Silver was targeted for a reason by the new wave of social media investors this week, according to a panel of analysts, who also identified the precious metal as the top performer for 2021.
“Silver is our top favorite,” said Metals Daily CEO Ross Norman during the LBMA webinar on Thursday.
The choice to target silver was not much of a surprise, considering that silver has already begun to receive attention from a broader audience, even before the Reddit-triggered #silversqueeze phenomenon.
“Even before the spike in prices, we’ve seen over the past week. Investors have been friendlier to silver given its industrial properties,” said UBS precious metals strategist Joni Teves.
And even though this new interest will not immediately translate into higher prices, it will show up in the medium and long-term timeline. “Silver does have the potential to outperform gold in an environment where industrial demand is expected to recover,” Teves said.
Silver attracted a wider audience partly because it is more cost-effective than gold and partially because people understand silver better, said HSBC chief precious metals analyst Jim Steel.
“Silver was open to this. We do have more real interest in silver. It was driven by social media,” Steel said. “If you look at silver’s liquidity, it is thinner than gold but deeper than equities being pushed higher. Also, silver doesn’t have that same short positioning the way some of the equities did. That’s why we began to see the pullback.”

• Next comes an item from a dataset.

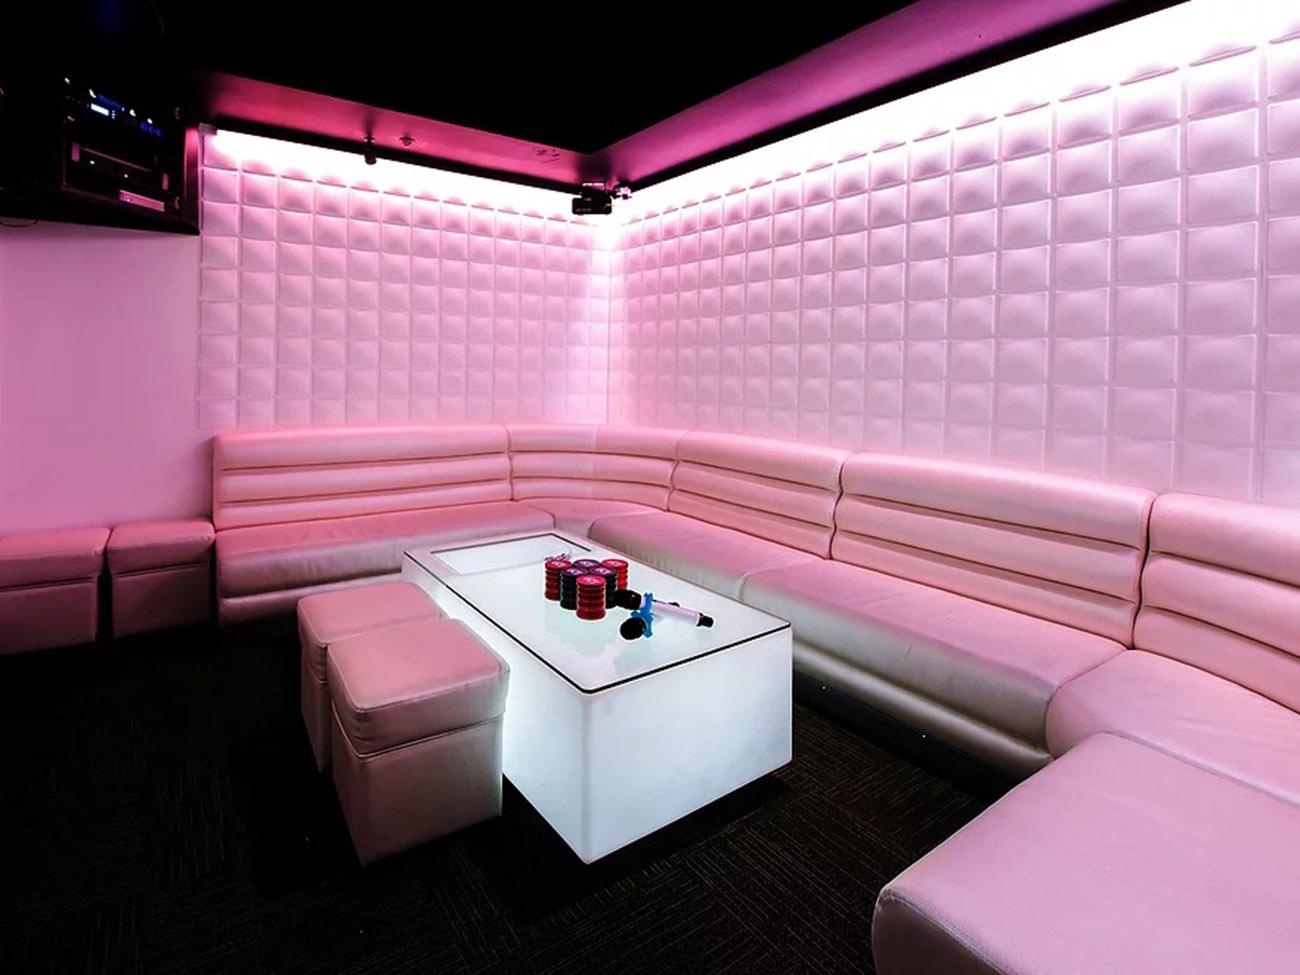 Màu hồng nhẹ làm chủ đạo cho phòng karaoke biệt thự 2 tầng hiện đại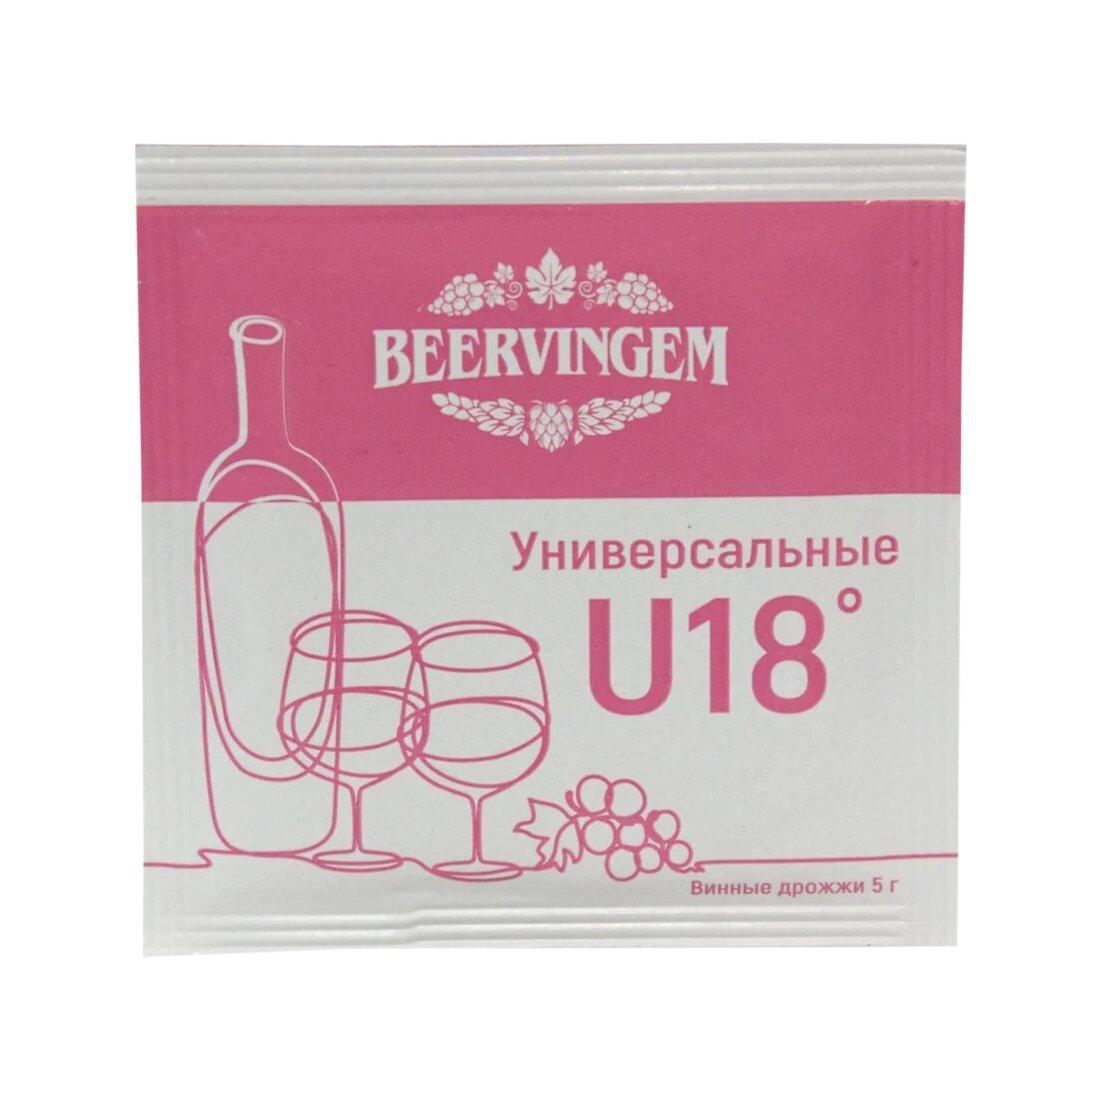 Дрожжи винные BEERVINGEM Universal U18

Analysts see silver trading above $30 this year with or without the social media trend, said Standard Chartered executive director at Precious Metals Research Suki Cooper. “Investors are coming back into silver. They do see more upside risk,” Cooper said.
The social media trend also revealed just how liquid the silver market is, she pointed out.
“It is a well-supplied market, with more than a year’s worth of inventory. What we could see some tightness in the near term if some of the retail industry started to unload,” Cooper warned.
Also, the more towards green energy is more of a long-term play for silver that will eventually positively impact prices, Cooper added.
According to the webinar, the outlook on gold remained bullish but a shade less optimistic.
“There is a strong correlation between gold-backed ETF buying and price. We are unlikely to get a record level of ETF buying again this year,” said Steel. “We do have QE continuing, with easy monetary policy stretching to 2021. We have a lot of fiscal spending. But that is not news to the market.”
Steel said gold would remain at elevated levels, but it is unlikely to charge aggressively higher.
“We have enough there to keep the market supported, but how much higher we can go is questionable,” he said. “It’s easy to forget that historically these are still very high prices.”
The U.S. dollar will continue to play an important role for gold, which could provide a trigger to lift prices higher, said Cooper.
“Gold’s strongest correlation is with the dollar,” she noted. “The bearish trend for the USD is likely to resume given the Blue sweep. We are expecting greater fiscal spending, with inflation expectations ticking higher and real yields remaining negative.”
However, in the near-term, consolidation is still the most likely outcome, Cooper said.
The physical gold market will remain key because it provides a cushion for prices when investor demand slows.
“In India and China, we started to see demand starting to stabilize. For India, aside from high prices, one of the challenges was less interest on a general retail basis. Customs duty being cut this week is very supportive and will help consumer interest to return in 2021,” Cooper said.
The physical demand for gold remains a weak spot in the outlook, Steel said.